Kate Lazarus, team leader for the Mekong Sustainable Hydropower Programme at the IFC, was quoted by the official Chinese news agency Xinhua saying that Vientiane saw hydropower as an important source of income and means to rid its least developed country status.
“Hydropower investments require lengthy and thorough study to determine project feasibility and impact. The environmental and social impacts from hydropower projects need to be understood and managed. Government policy needs to be continually updated,” Lazarus said.
“With abundant water resources, hydropower, if developed and managed well, can be shared regionally through wider connectivity of the grid, benefitting neighbouring countries,” she added.
Laos is expected to develop more than 60 generation projects by 2020 up from the current 38, bringing electrification to 98 per cent of households compared to 85 per cent today, the Ministry of Energy and Mines claimed.

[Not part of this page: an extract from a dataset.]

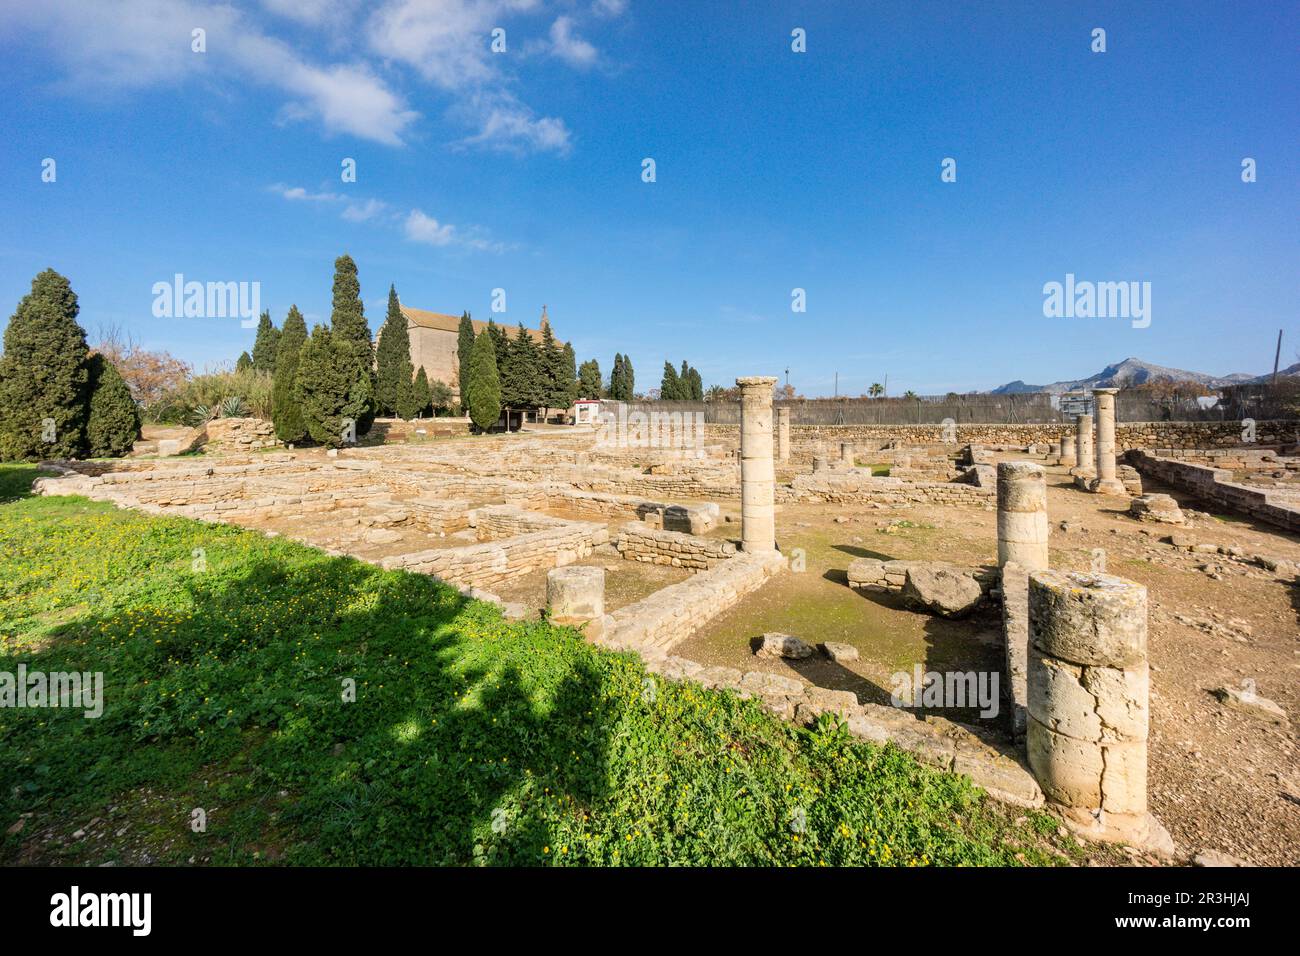 theather, römische Stadt Pollentia, republikanische Ära, 123 v. Chr., gegründet von Quintus Caecilius Metellus, Alcudia, Mallorca, Balearen, Spanien. Stockfoto

According to the Ministry’s Vision 2030 presented to January’s five-year 10th Congress of the Lao People’s Revolutionary Party, which rules the one-party state, the country’s installed hydropower capacity by 2030 was projected to reach 17,000 megawatts. Of this, 10,000mw could be expected to be exported, it said. The export of power would provide a significant economic and fiscal contribution in the landlocked, import-dependent state, the plan said.
Meanwhile, North Korea and Laos have signed a security agreement, the pariah state’s media reported. It is thought the deal might involve the enforced repatriation of North Korean defectors in Laos, which is a popular staging post for defectors looking for asylum in South Korea.
The Korean Central News Agency (KCNA) reported that a delegation of the Ministry of People’s Security had talks with a delegation from the Laotian Ministry of Public Security to discuss “mutual concern and boosting the cooperation of the two security organs”. As two of the world’s most secretive states, few reliable details were divulged.
Concern has been raised that the agreement relates to the repatriation of North Korean defectors in Laos. Nine teenager defectors were captured in Laos in 2013 and forcefully returned to Pyongyang, resulting in condemnation by rights groups. North Korea and Russia signed an extradition treaty last month.
“In general the position of the office is that bilateral agreements of this type should fully respect the principle of non-refoulement and protect people from forced repatriation,” Tarek Cheniti, a deputy representative of the UN Human Rights Seoul Office, told the independent NK News.
Laos and North Korea established diplomatic ties in 1974 and have cooperated in trade and technology.
“Laos signed and ratified the UN convention against torture, which bans every country from extraditing a person to where they would be in danger of being subject to torture,” said Ahn Younkyo, said a UN spokesperson.